You are entitled to a Permanent Partial Impairment (PPI) rating when your injury has become "medically stable". "Medical stability means the date after which further objectively measurable improvement...is not reasonably expected to result from additional medical care..." As 23.30.095(27).

In other words, if your injury isn't expected to improve, then you are medically stable. If you are receiving Temporary Total Disability (TTD), those checks stop when you are medically stable. You are paid PPI and that is the end of the checks you receive unless you are in the reemployment process, or unless something else happens on account of which you cannot work such as you need a second surgery.

Who determines when you are medically stable and what your PPI rating is?

Your doctor may determine that you are medically stable. He may send you to another clinic to perform the PPI rating or if there is someone in his clinic that does them, they will perform the rating there.

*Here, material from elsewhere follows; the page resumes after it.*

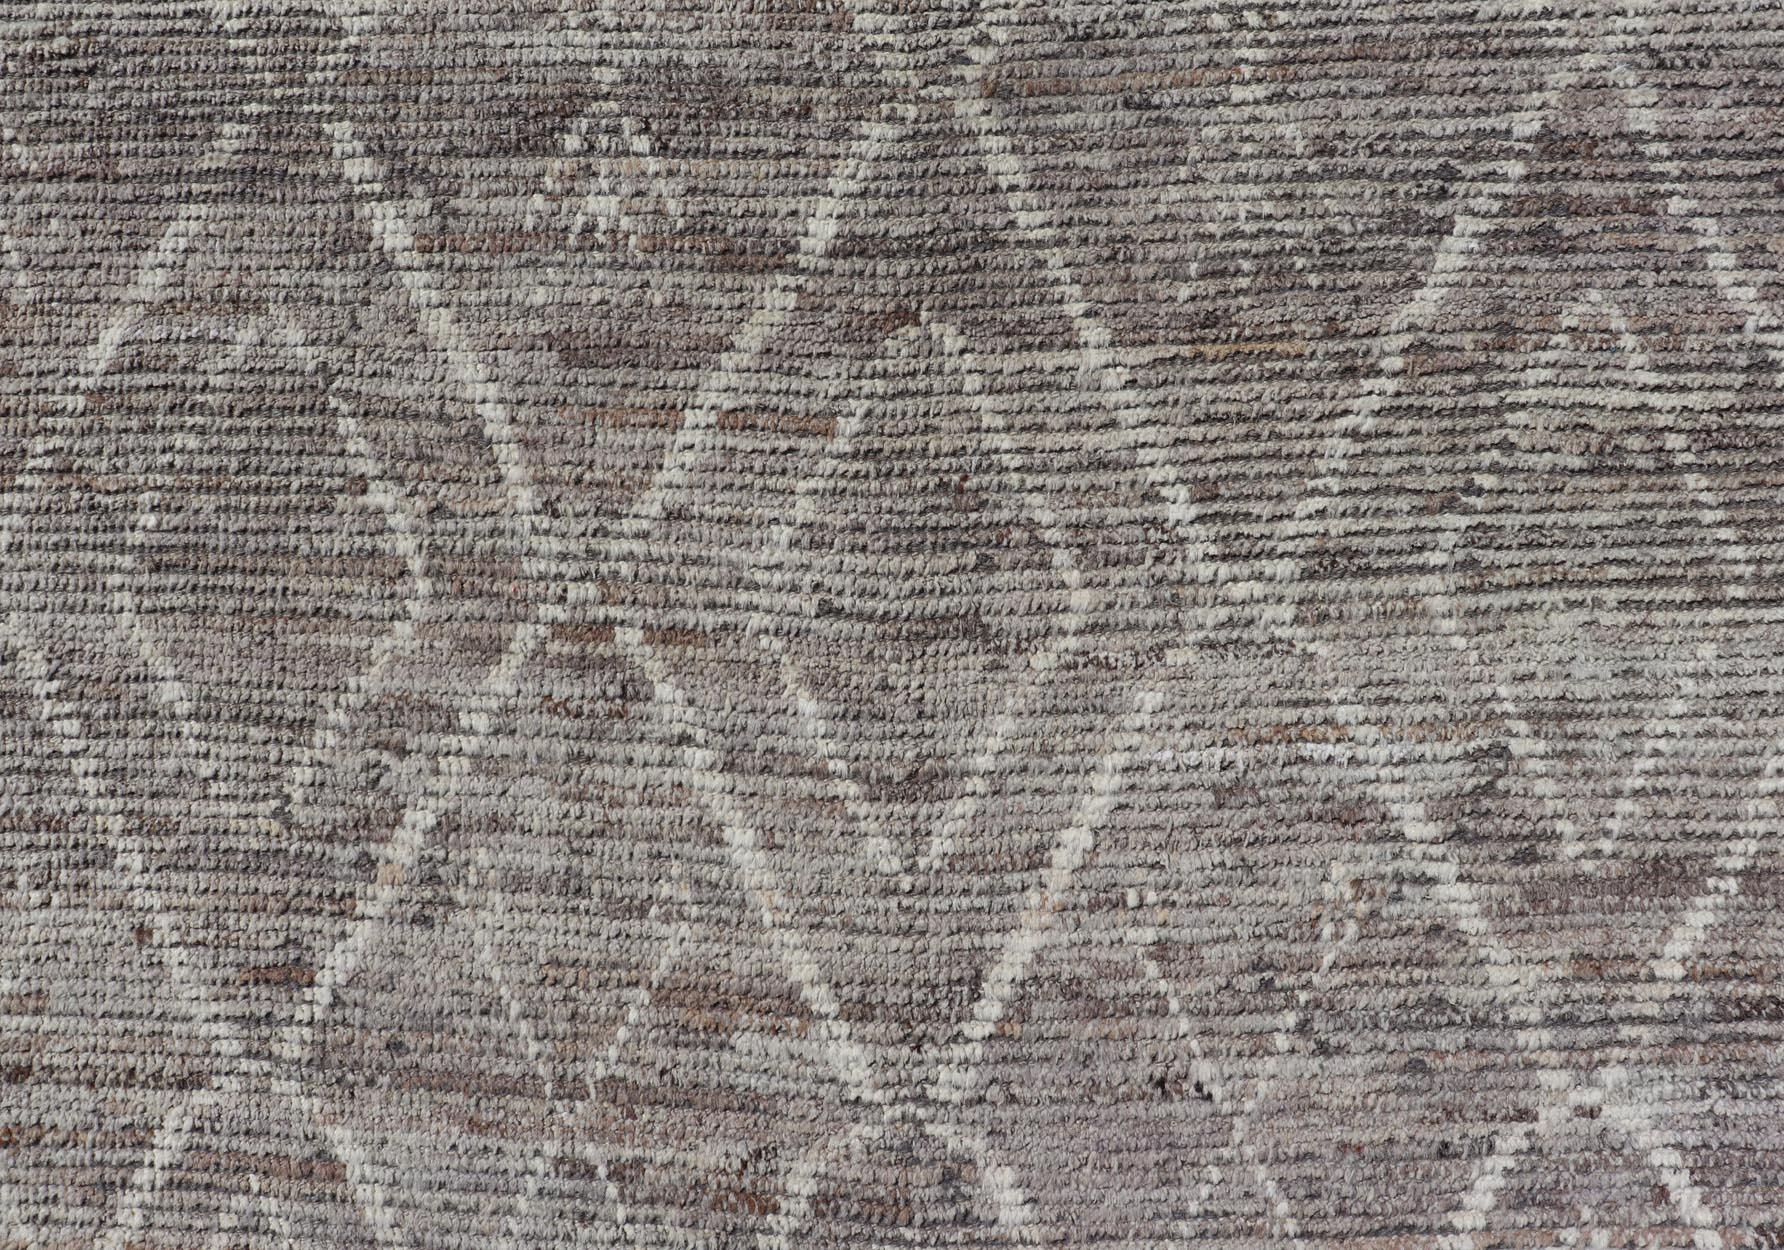 Ce tapis moderne et décontracté a été noué à la main. Le tapis présente un motif géométrique marocain en diamants, agrémenté de divers motifs gris et crème, ce qui fait de ce tapis un superbe choix pour une variété d'intérieurs classiques, modernes,

Sometimes the insurance company will send you to their doctor (Employer Independent Medical Evaluation) and that doctor will opine whether you are medically stable and what your PPI rating is.

When you are referred for a PPI rating, the doctor will review your medical records, perhaps examine you, perhaps review a Physical Capacity Evaluation, and then refer to the American Medical Association's Guides to the Evaluation of Permanent Impairment (6th edition) which lists nearly every kind of injury that can occur to a person and instructs the doctor how to evaluate the injury.  The Alaska Workers Compensation Board mandates the use of the AMA Guidelines, there is no getting around it.  However the doctor does have some discretion in classifying your injury based upon many factors, one of which is the amount of pain created by the injury.  Therefor it is important for the doctor to have all of your medical records, including your MRIs and x-rays, as well as a full knowledge of how the injury has impacted your life.

If you disagree with the insurance doctor's PPI rating, you can ask your own physician to review it and to refer you to someone who will do a PPI rating on your behalf.

If it has been some time since your injury and you are no longer being treated, or your treatment is only for pain and isn't going to improve your underlying condition, and you haven't been referred for a PPI rating yet, ask your doctor to do so.